What can brands learn from these campaigns?

That the spectacular results come from getting the basics right: choosing creators whose audience genuinely matches your customer, giving them authentic creative freedom plus meeting people on the platform they actually use. Daniel Wellington proved micro-scale works, Gymshark proved community works, Dunkin proved platform fit works. None of it relied on a trick, just disciplined matching of creator, audience plus message.

How do I create a campaign like these?

Start with your audience plus goal, then find creators whose followers genuinely match that audience rather than chasing reach. Confirm those audiences are real, give creators room to make authentic content, meet your customers on the right platform plus track results with codes plus links.

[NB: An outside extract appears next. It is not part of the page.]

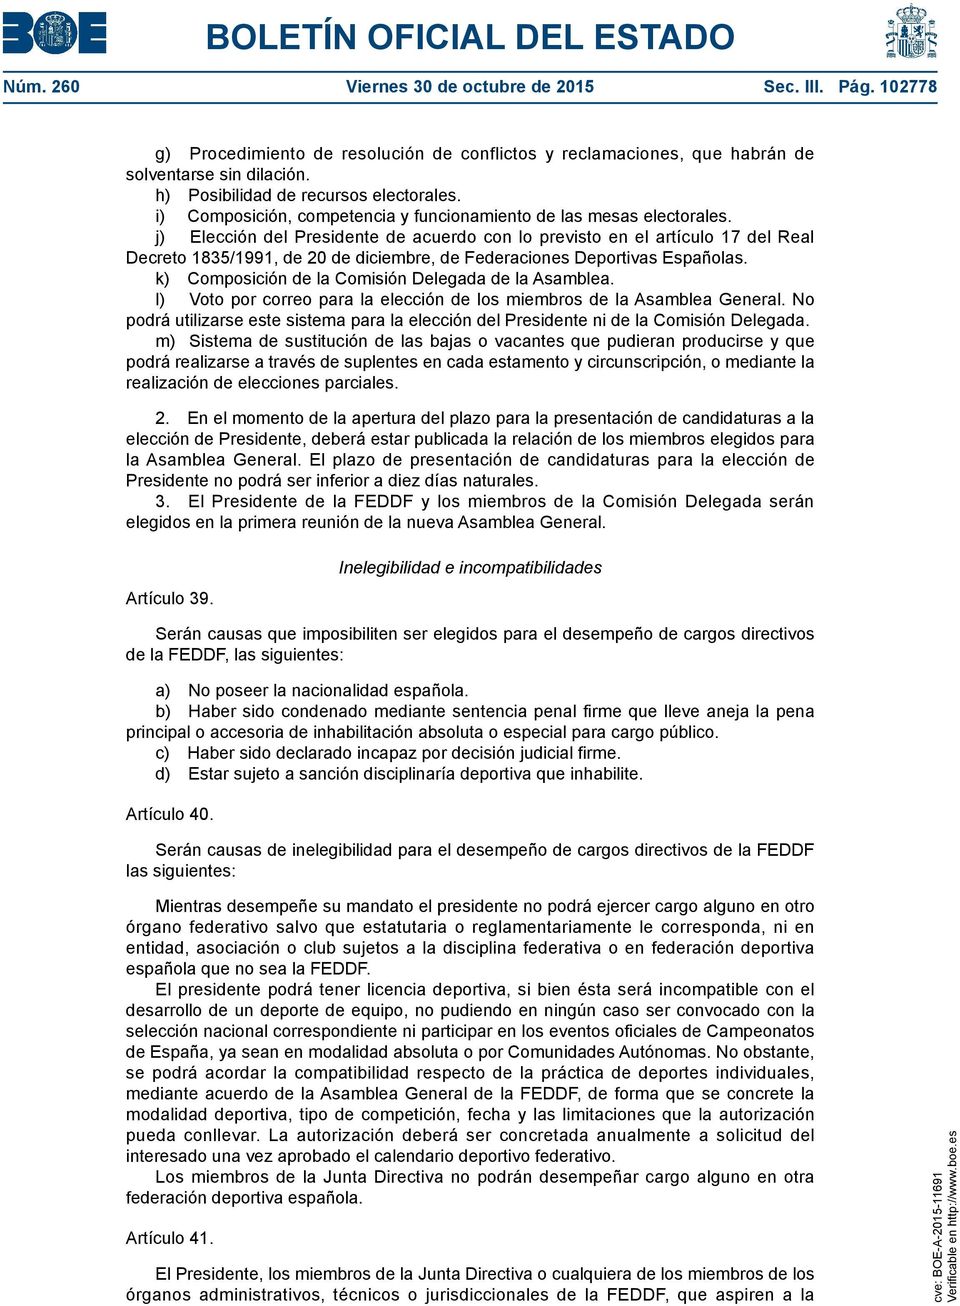 j) Elección del Presidente de acuerdo con lo previsto en el artículo 17 del Real Decreto 1835/1991, de 20 de diciembre, de Federaciones Deportivas Españolas.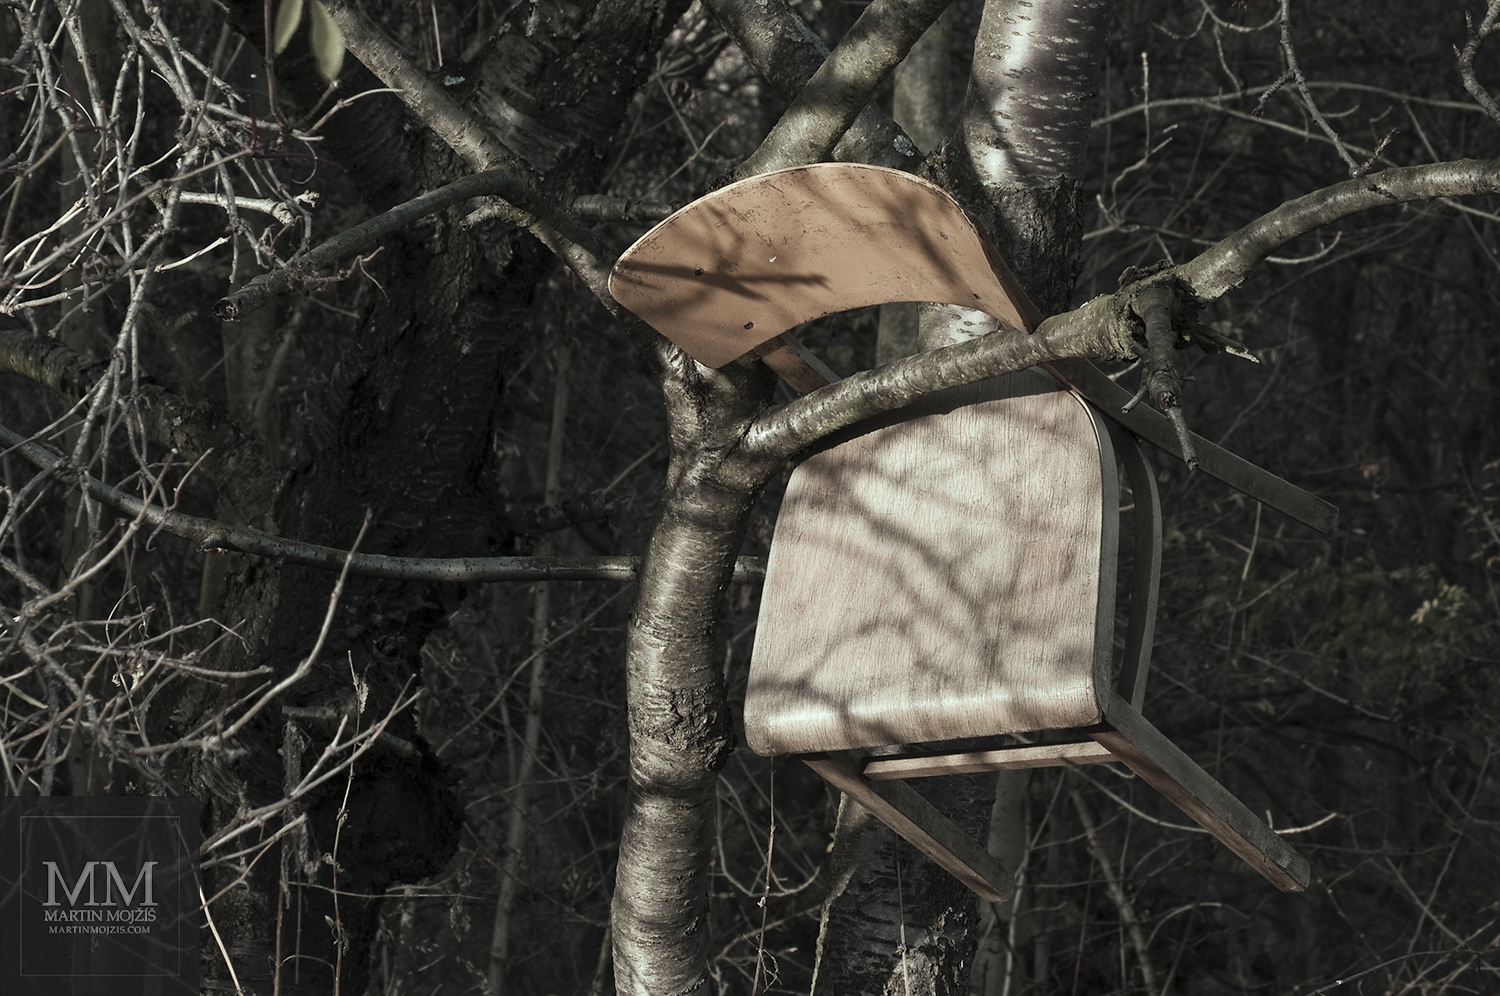 Židle ukrytá ve větvích stromů. Umělecká fotografie Martina Mojžíše s názvem ŽIDLE II.

The famous campaigns are repeatable precisely because their core, right creator plus right audience, is something any brand can do with the right tools.

Written & reviewed by Flinque Research Team

Influencer Marketing Analysts · View team →

Our research team specialises in influencer marketing strategy, creator analytics and outreach best practices. All content is reviewed for accuracy using live platform data and current industry standards.

📧 Creator outreach 📺 YouTube strategy 🔍 Contact research 🗓 Updated Jun 07 2026

Disclaimer: All information on this page is collected from publicly available sources, third-party search engines, AI-powered tools and general online research. We do not claim ownership of any external data and accuracy may vary. This content is for informational purposes only.